*Supplied information:*

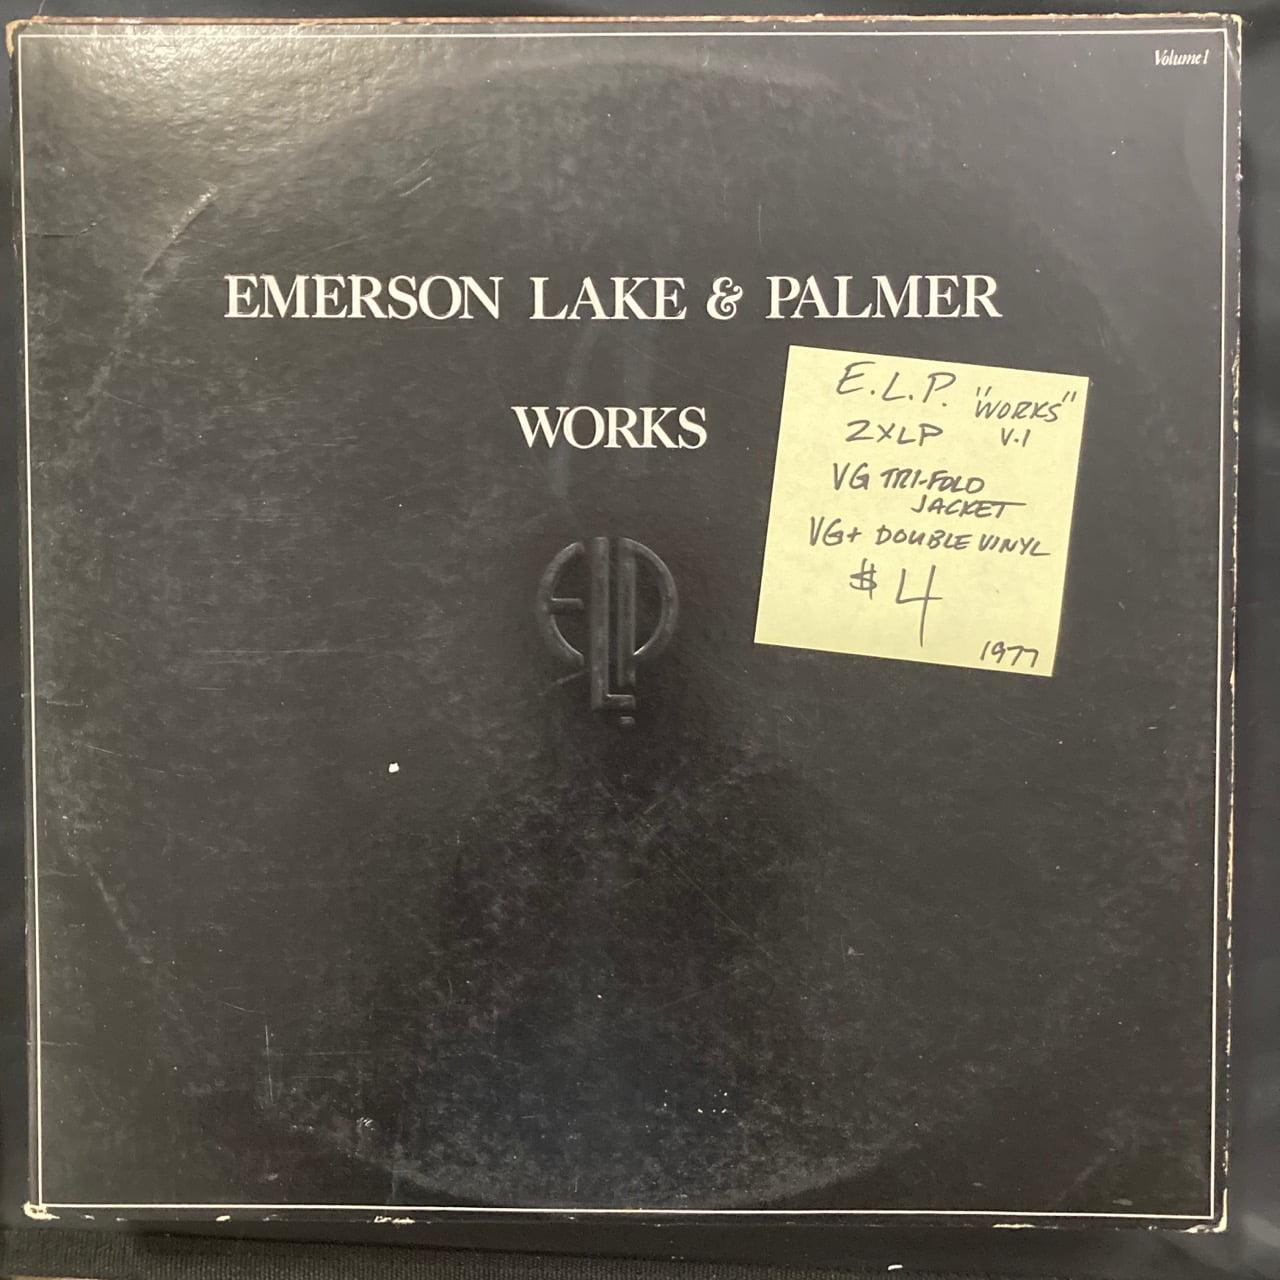 Emerson Lake and Palmer vinyl
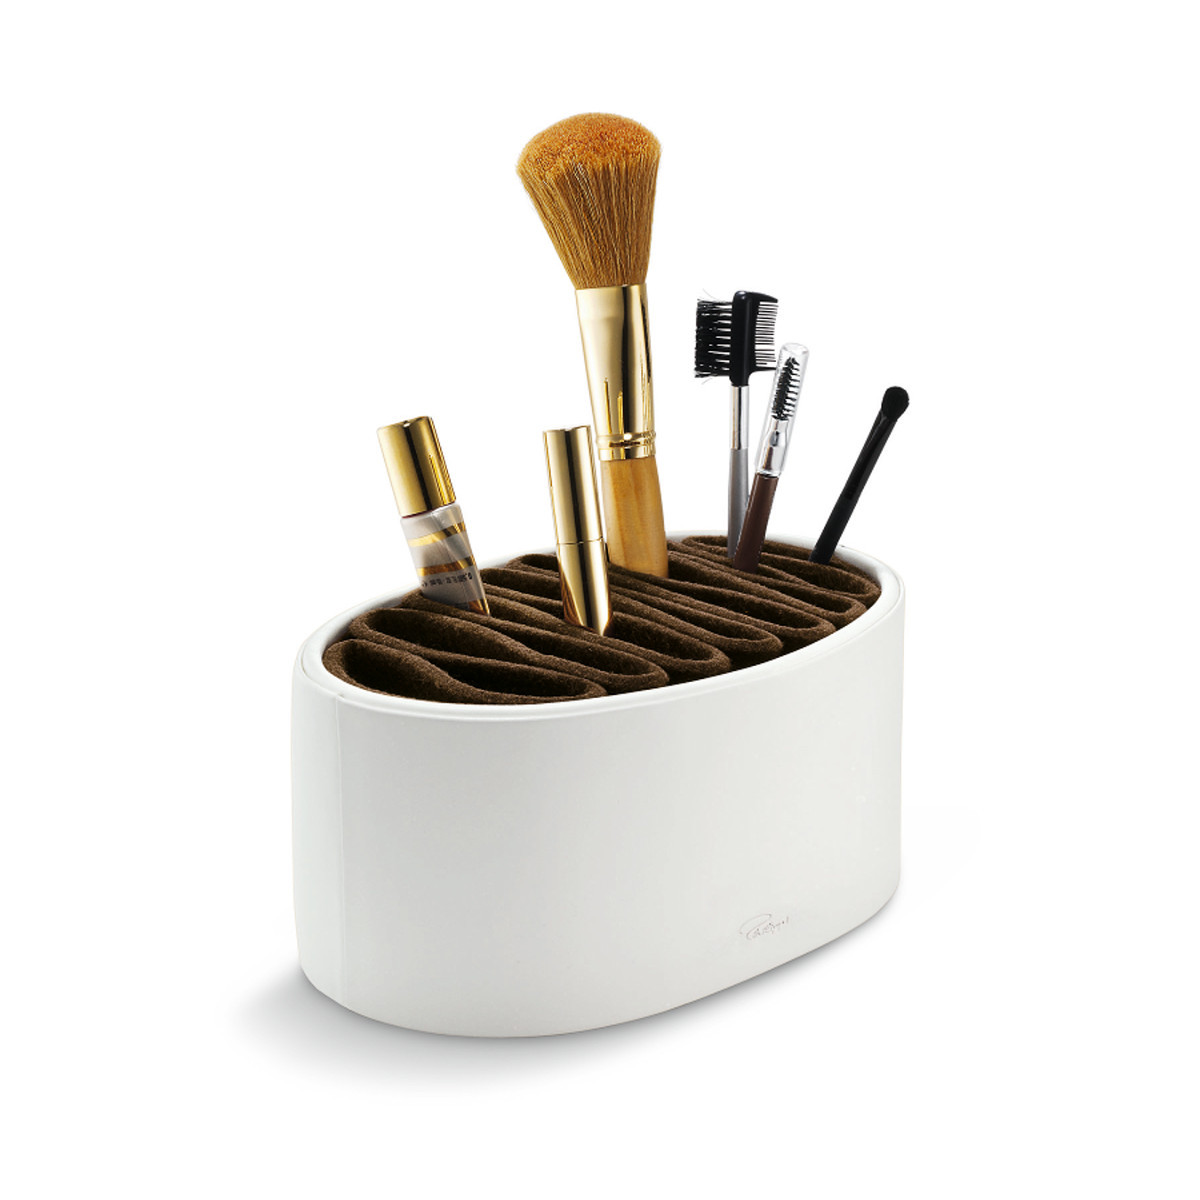 Kosmetik-Organizer von Philippi
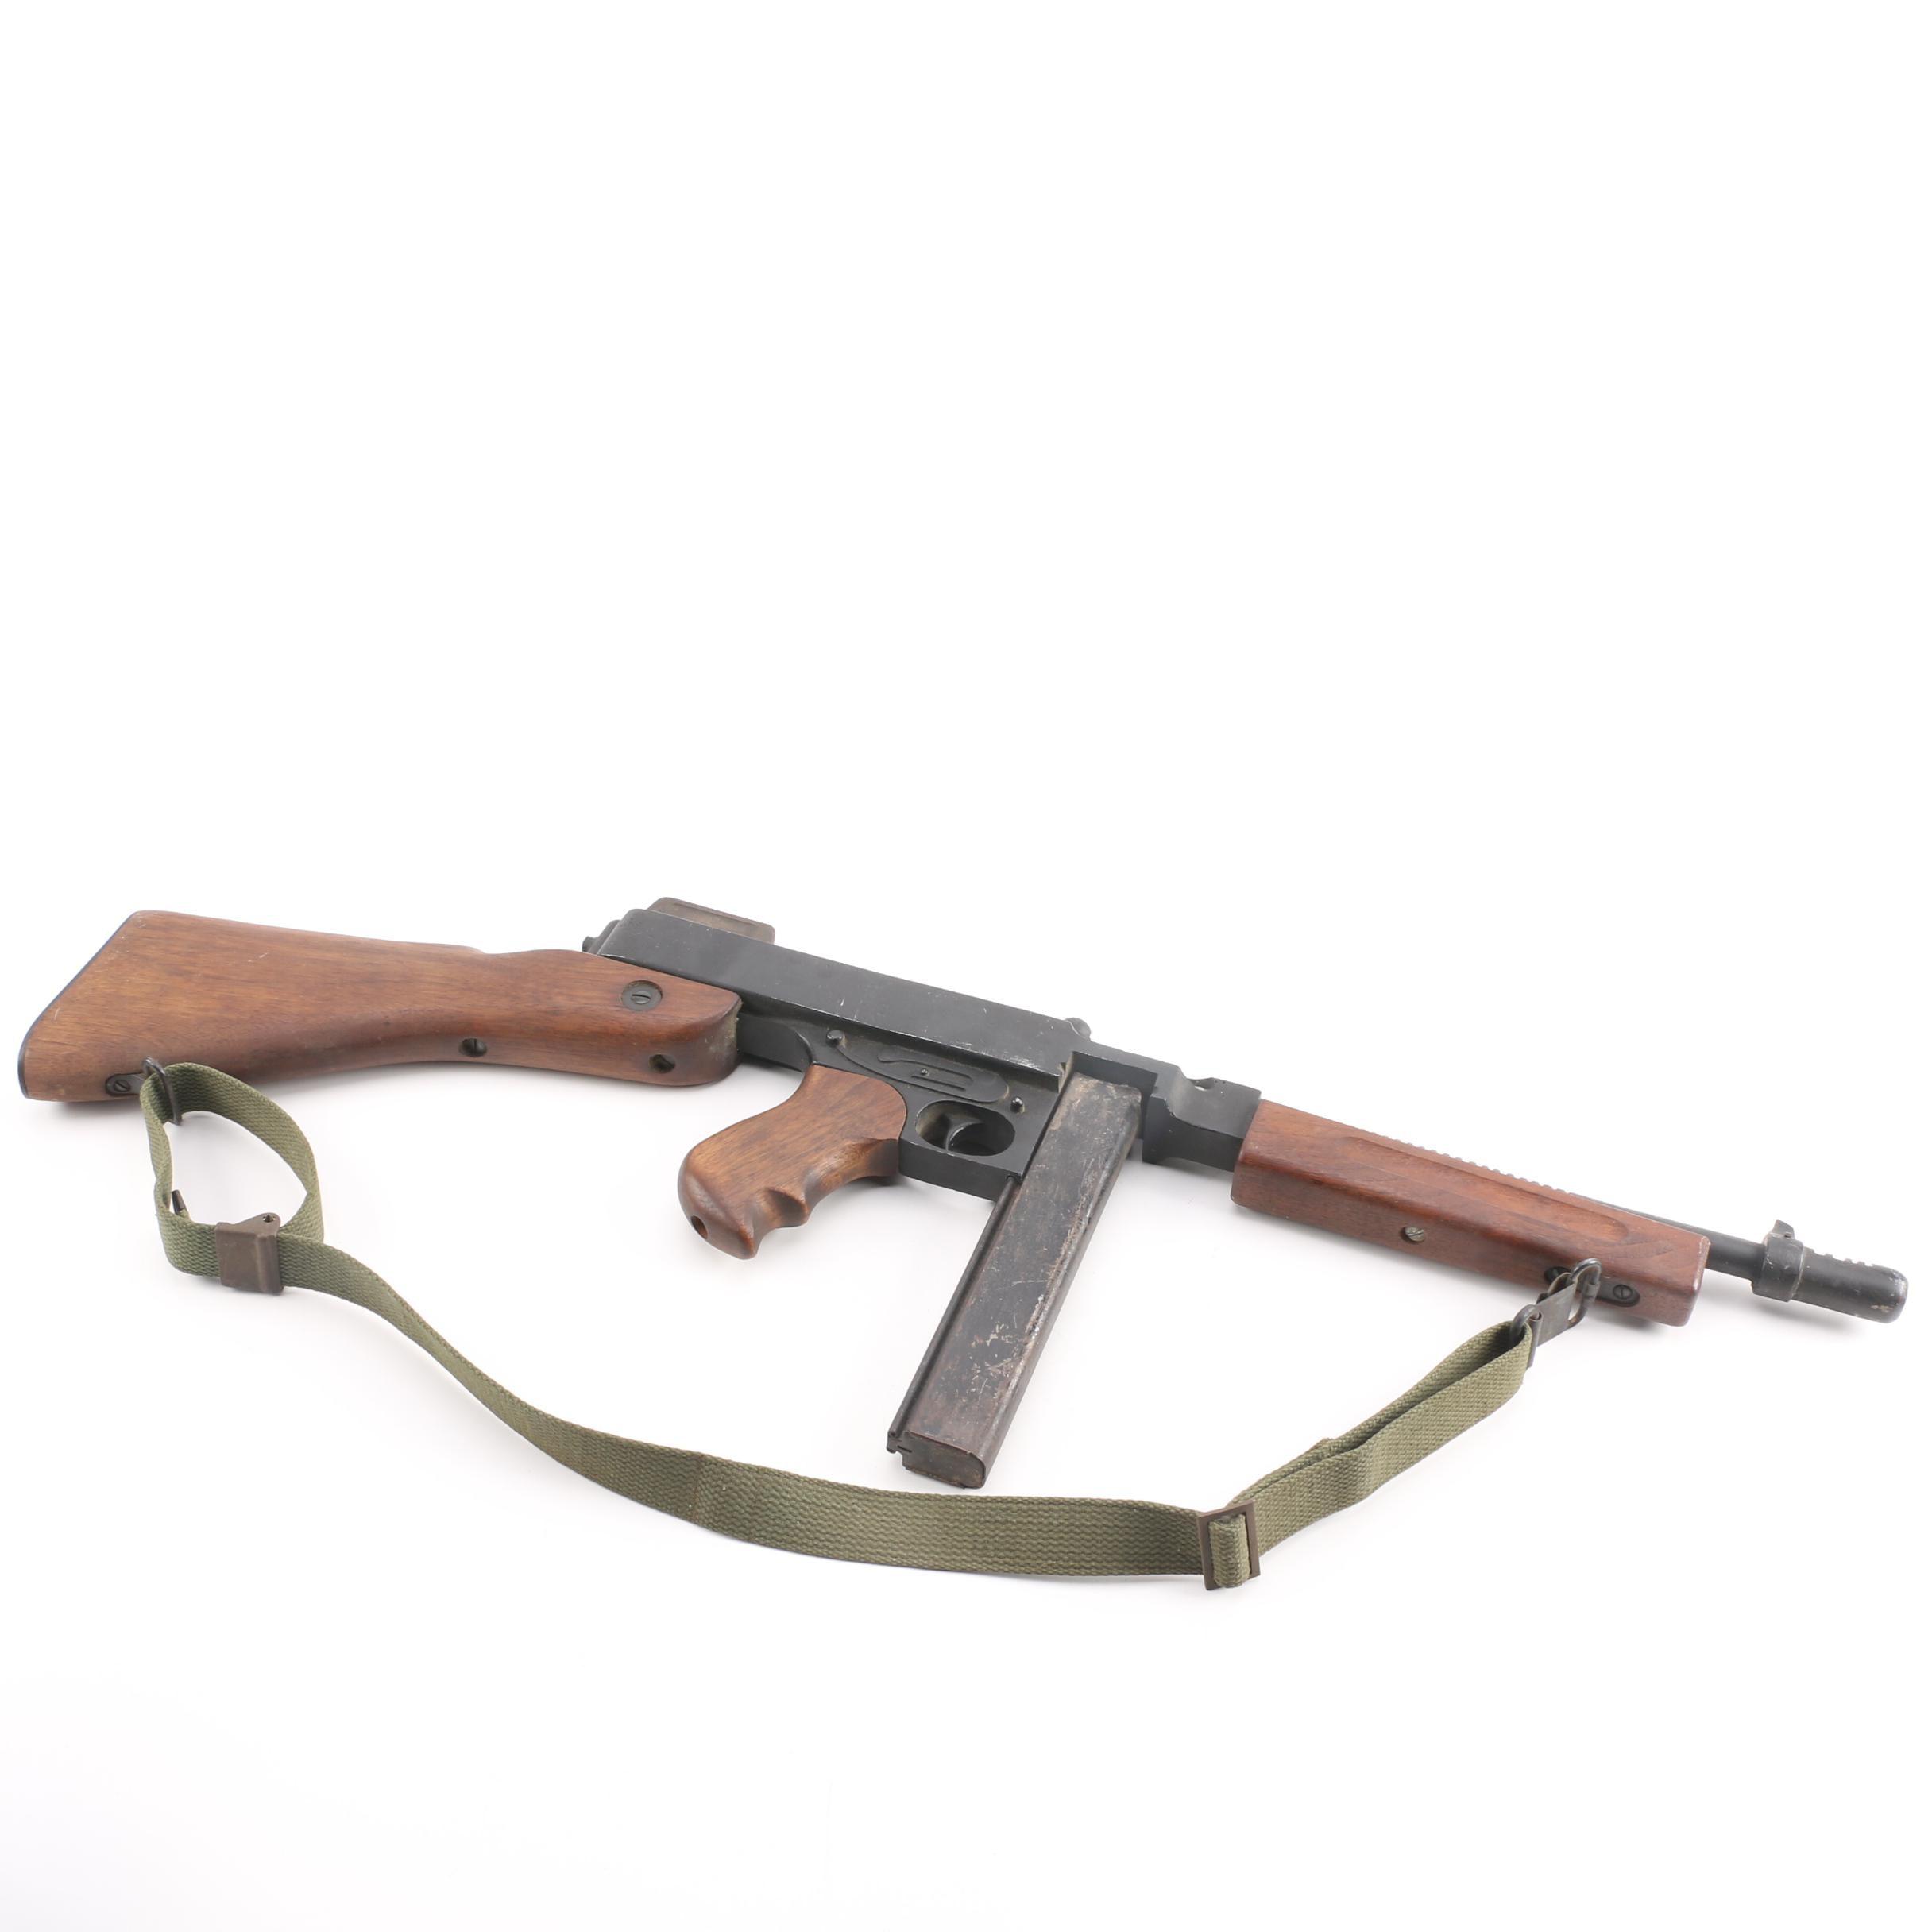 Non-Functioning Replica of a Prohibition Era Thompson Submachine Gun

*Problem to work on:* Repeat the material exactly. Any picture in it should be dropped.

*Reply:*
 Emerson Lake and Palmer vinyl
 Kosmetik-Organizer von Philippi
 Non-Functioning Replica of a Prohibition Era Thompson Submachine Gun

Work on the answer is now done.